Sunday, December 27, 2009

The Teacher

I decided that in this age of technology I would stay away from it as much as possible on Christmas. So I took a 2 day vacation. Today I found my computer still working and my phone still functioning. But now I am ready to resume my inquiry into the workings of the world and my place in it. I am back to visit with you.

The presents filled the room, candles burned, the fireplace warmed and carol accompanied the time of family. Sydney and Gabby played their Christmas songs on the piano before one ribbon was tossed aside. It was their decision. An amazing decision considering the presents behind them calling out their names.

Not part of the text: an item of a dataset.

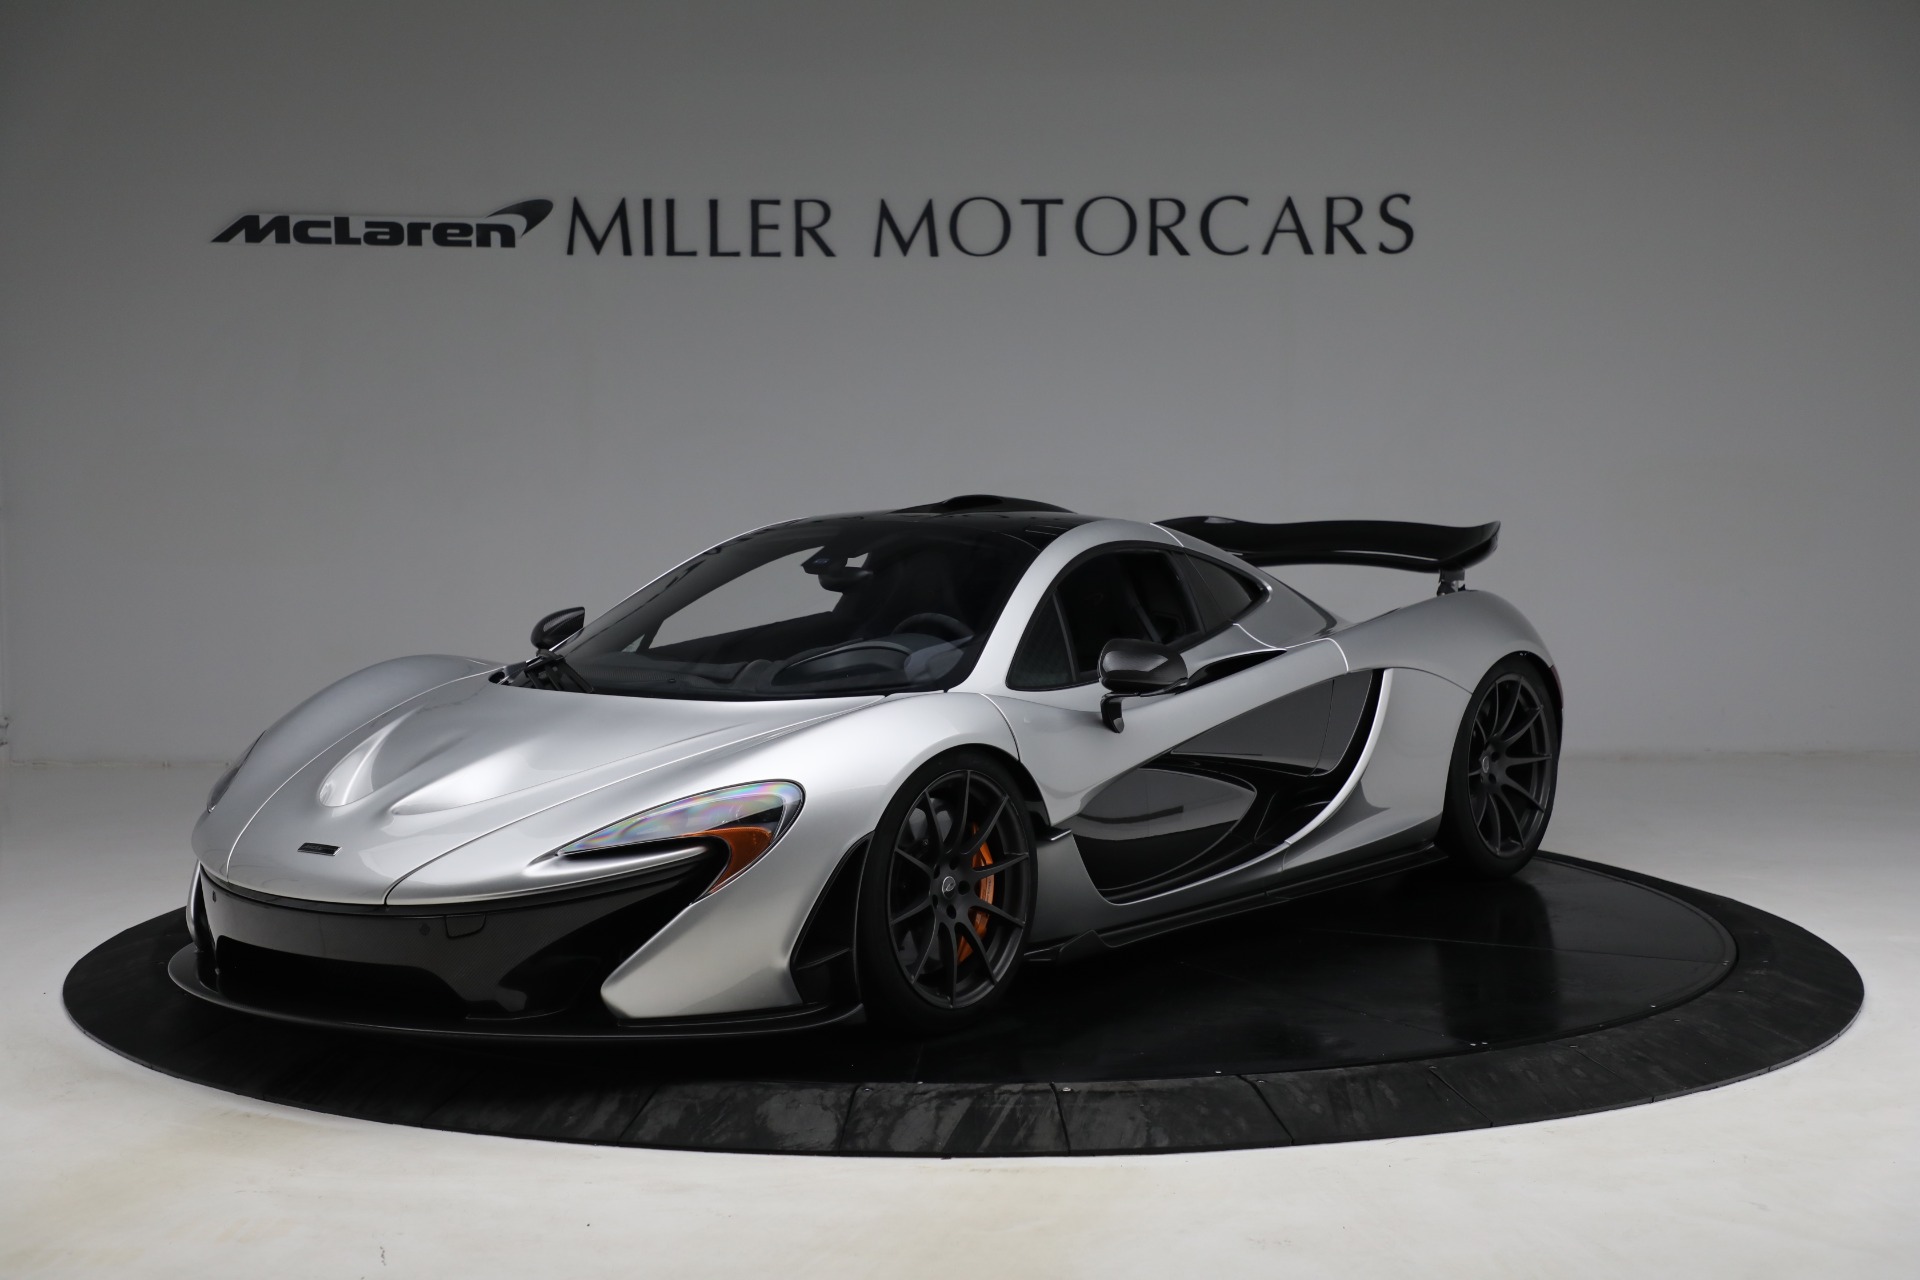 Used 2015 McLaren P1 for sale $1,825,000 at Bentley Greenwich in Greenwich CT 06830 1
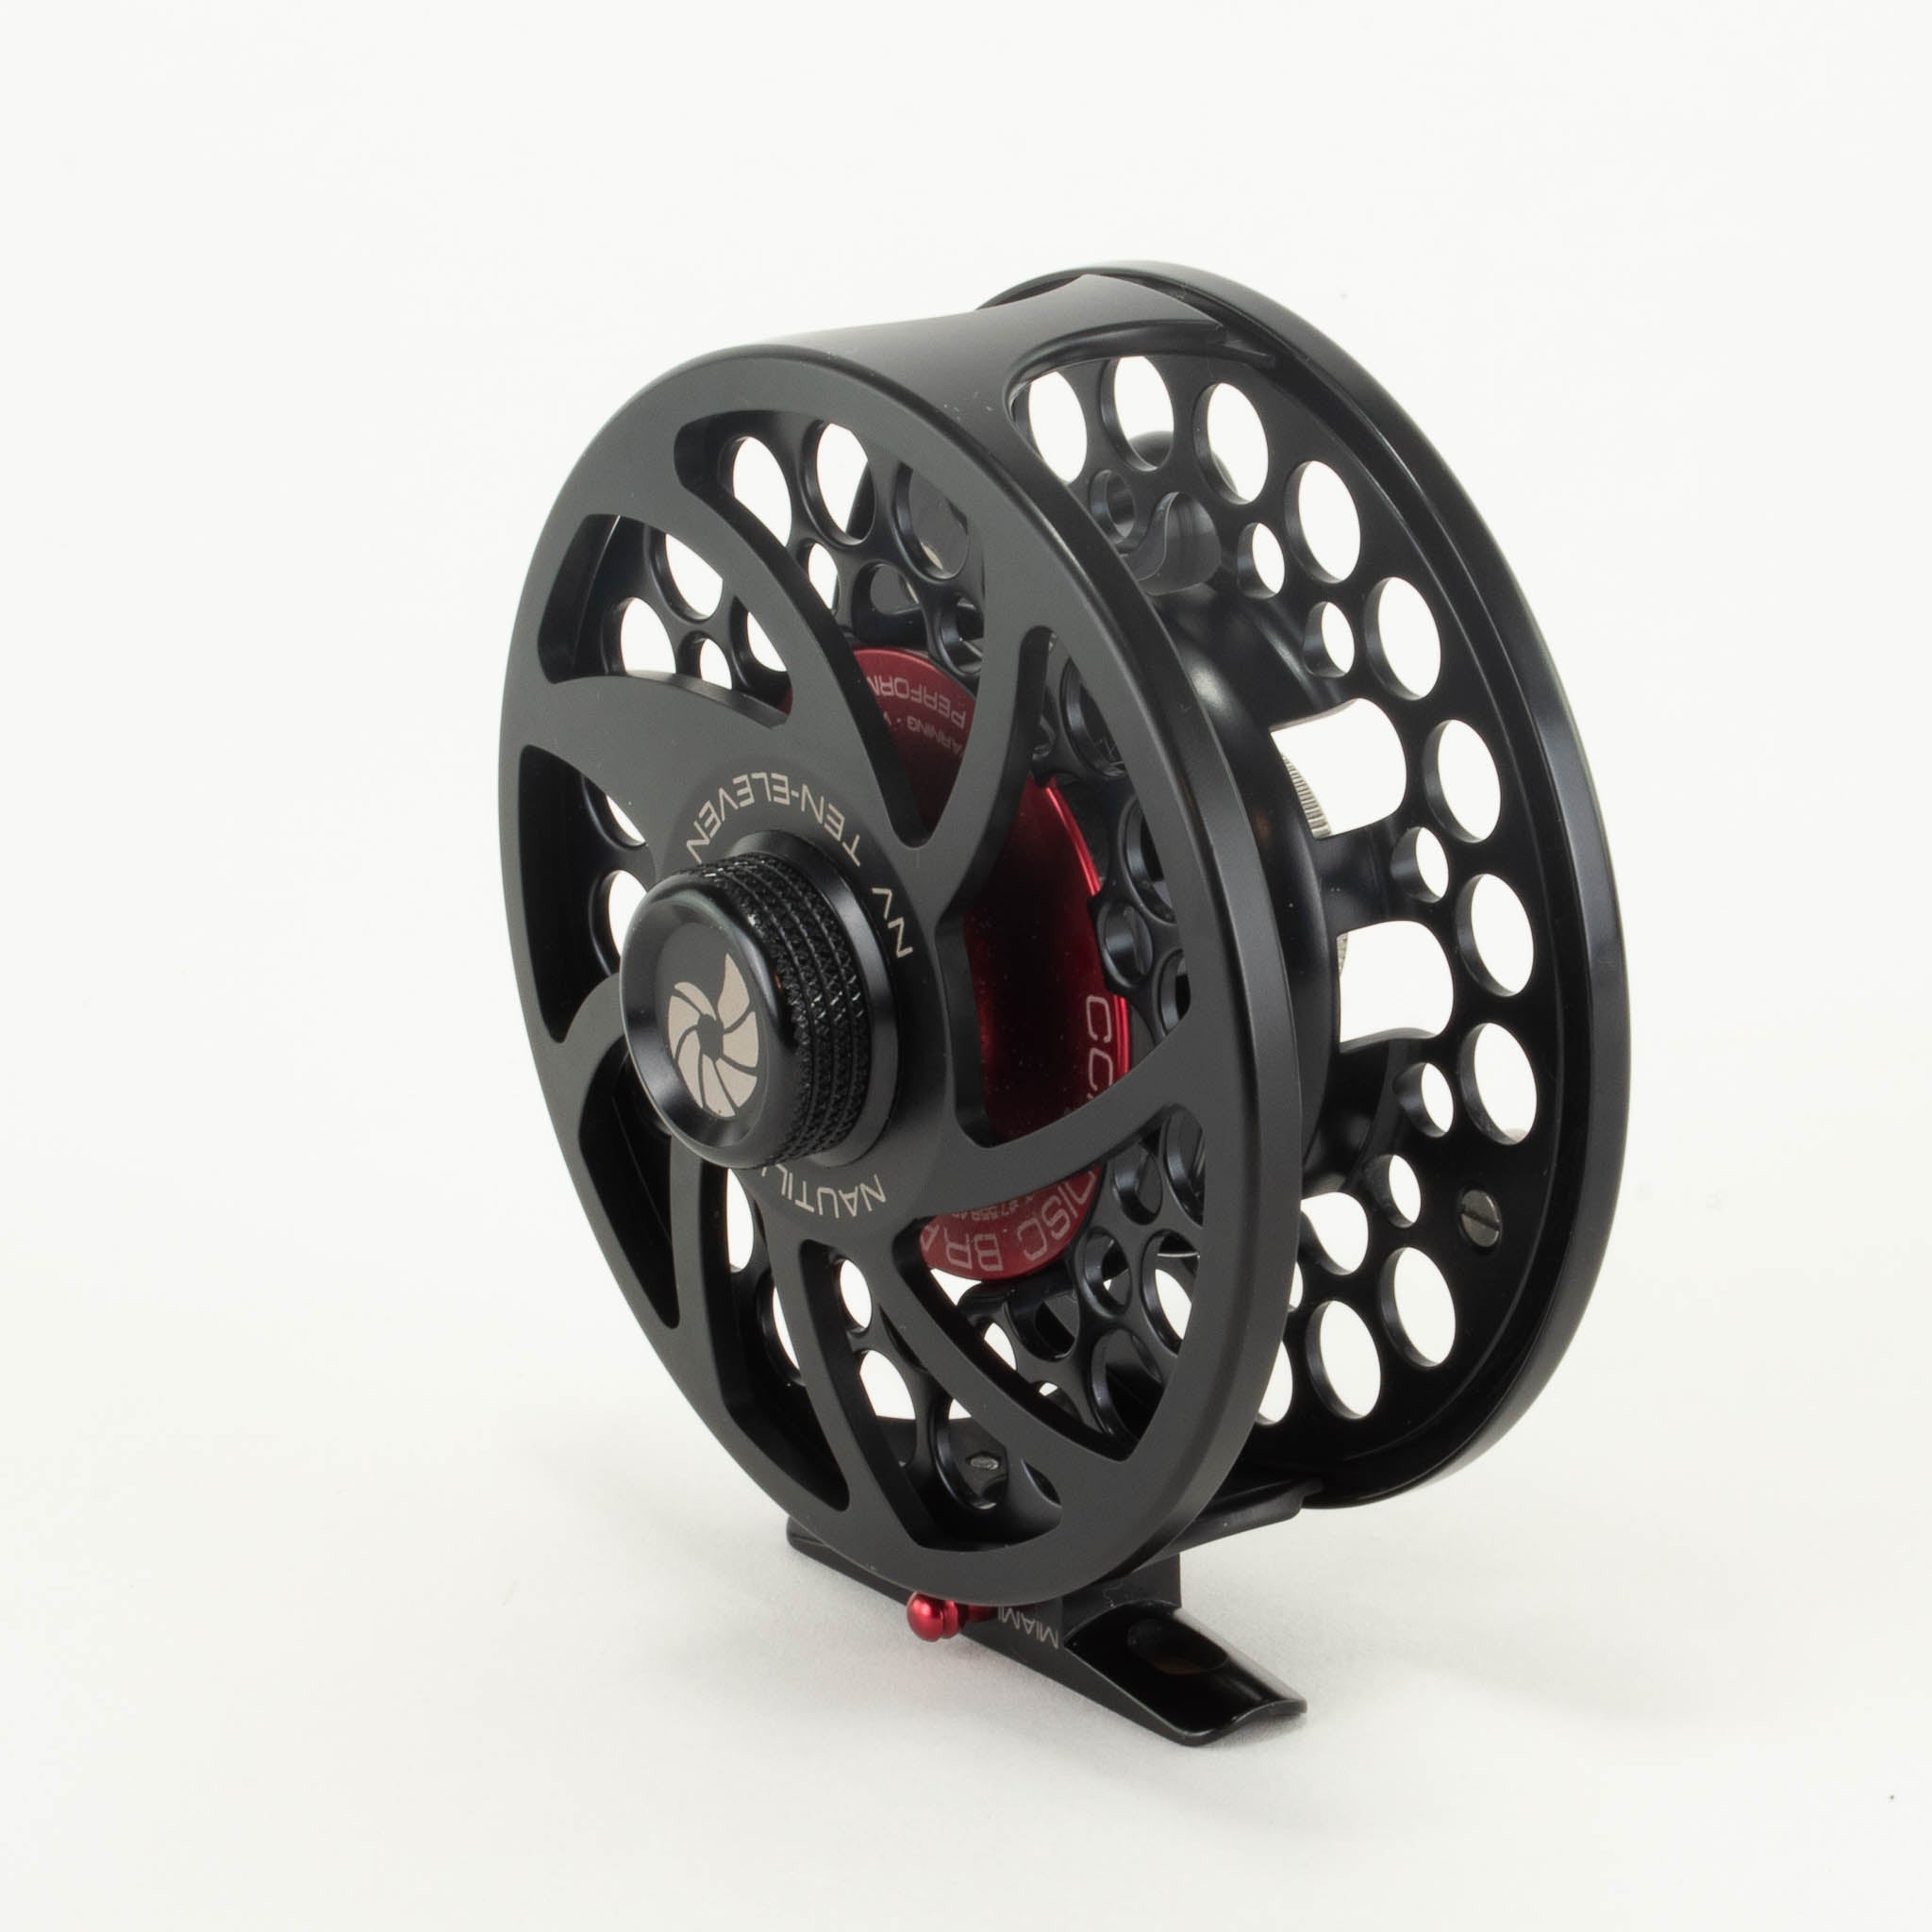 Nautilus NV 10-11 Fly Reel – Outfishers

One by one the presents were opened, thank yous and discussion followed. A slow process but one held over from my childhood. We are a family who celebrates each and every moment of gift giving cheering the thought that went into each gift. Children’s painted pictures become highly praised pieces of art. A package of homemade buckeye candy fattens up a grandma, birds get a new home and a frame flashes pictures of my cherished family. The gifts are well thought in trying to find that one that will make the recipient smile.

I gave ukuleles to my granddaughters. No one needs to plug them in or have special equipment to run them. They will take some learning, some laughter and maybe in the end some music. I got one for myself as well, so we can learn together. Their friend, Heather, got a guitar. I’m thinking maybe we can form a band. Watching the girls on the piano and the pride they felt in themselves for their accomplishments was perhaps my best Christmas present. Now we tackle something entirely different. However, no different than the paint and brushes, no different than the big piece of furniture with the smiling keys, no different than a pencils and a blank piece of paper, we shall find a new way to be successful, to accomplish something from nothing on these ukes.

A baby in a manger taught us much. Maybe I am not the teacher. Perhaps these children are teaching me to pick up the pencil and learn to draw. Perhaps they are telling me that my aching hands can play the strings of a ukulele. Perhaps they are teaching me to listen and change my ways, to grow into something better, to see the world from other perspectives. Perhaps, just perhaps, our little ones are truly the innocent wisdom that beacons new awareness, an awareness we have been too busy to acknowledge.

I wish I could start all over again. I wish I could hold my babies and ask, “What can you teach me today?” I wish I had been less into myself and more into them. I wish I had thrown away all preconceived notions on parenting and started my own chapter. Perhaps that is why we become ‘grand’parents, because in the grander scheme of things, we finally find our place.

I leave Christmas of 2009 behind taking the memories with me into another year of learning. I encourage you the same. For the richness or life lives not in what we possess, in what we know, but in the mere essence of what we receive in the most unexpected ways.

1 comment:

  1. I stayed away from technology for a few days, too, and it wasn't even hard! Posted a short Merry Christmas blog and then didn't even check email for a couple of days. Last night I wrote a piece about the post-holiday blues. They are often a problem for me, so I wrote some advice for myself. Maybe others will benefit from it as well!